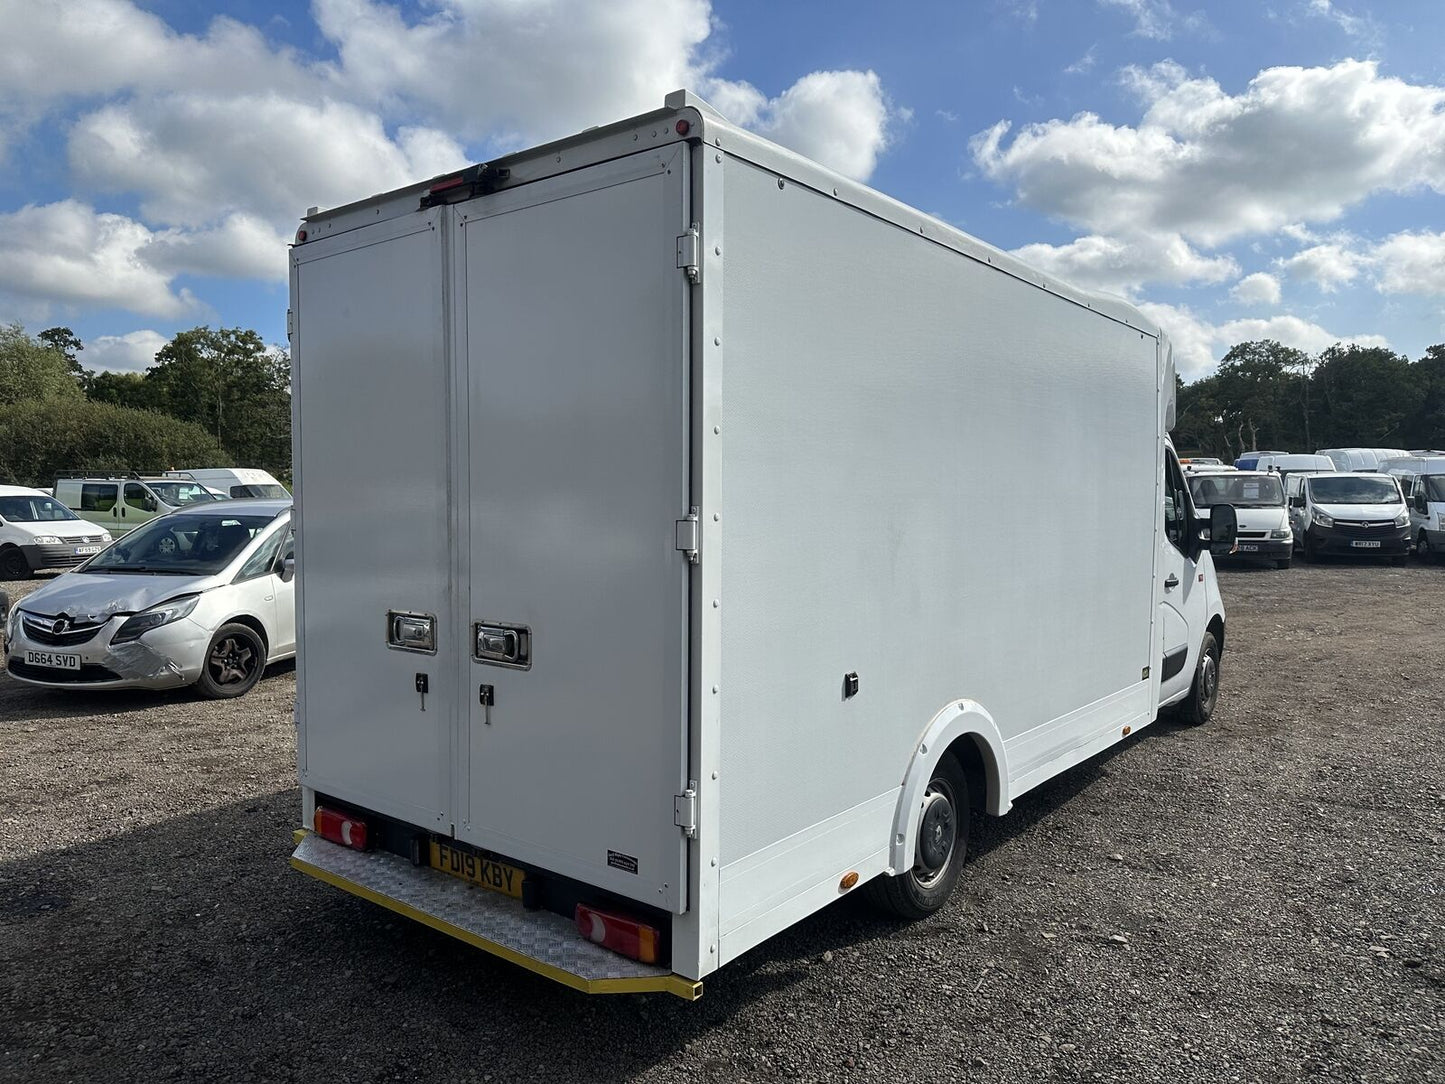 Bid on EFFICIENT EURO 6 WORK VAN: 2019 RENAULT MASTER MOVANO (NO VAT ON HAMMER)- Buy &amp; Sell on Auction with EAMA Group
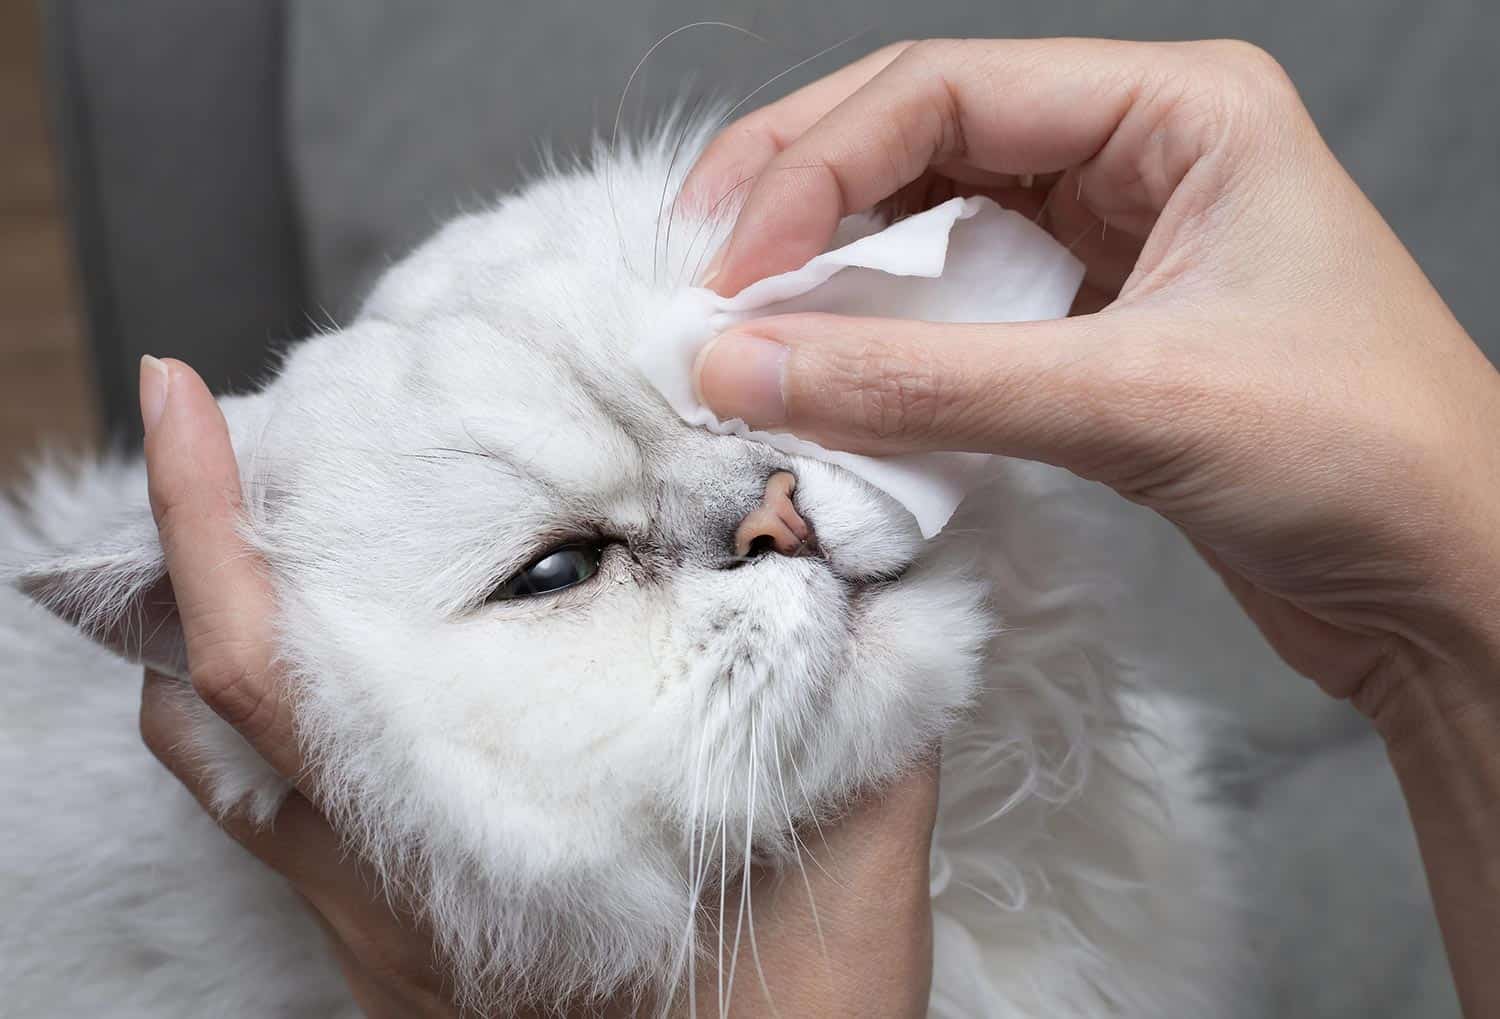 Cleaning persian chinchilla cat's eyes with cotton pad
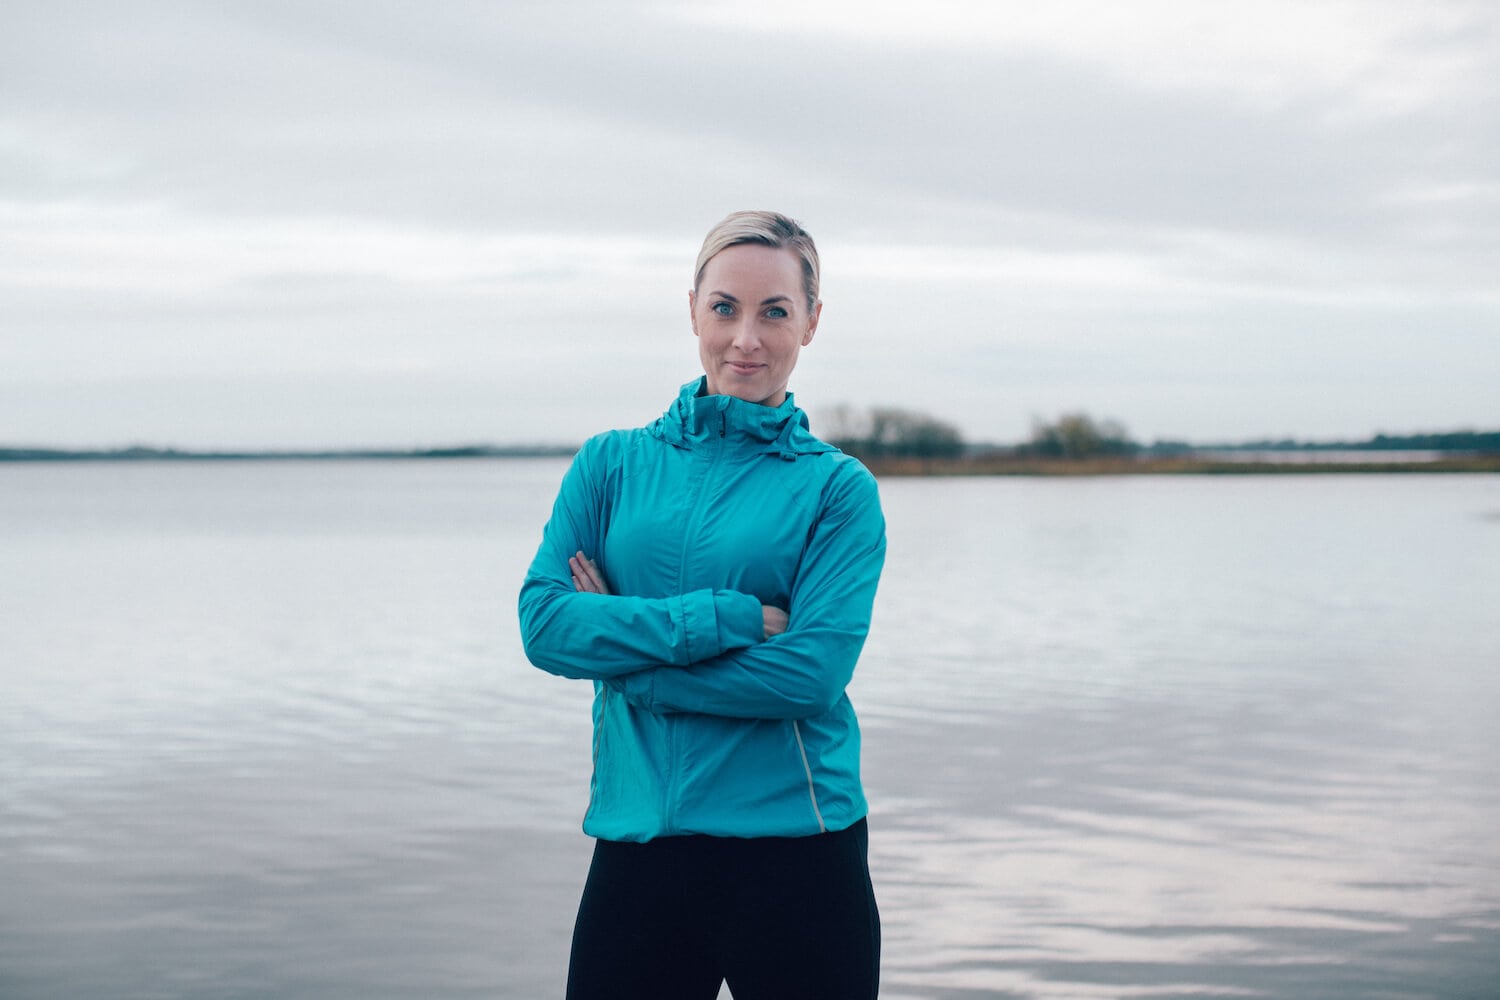 Kathryn Thomas Pure Results ireland no frontiers travel influencer wellness

### What is needed
Copy the material shown above in full and exactly. Skip the pictures.

### Response to the exercise
 Bid on EFFICIENT EURO 6 WORK VAN: 2019 RENAULT MASTER MOVANO (NO VAT ON HAMMER)- Buy &amp; Sell on Auction with EAMA Group
 Cleaning persian chinchilla cat's eyes with cotton pad
 Kathryn Thomas Pure Results ireland no frontiers travel influencer wellness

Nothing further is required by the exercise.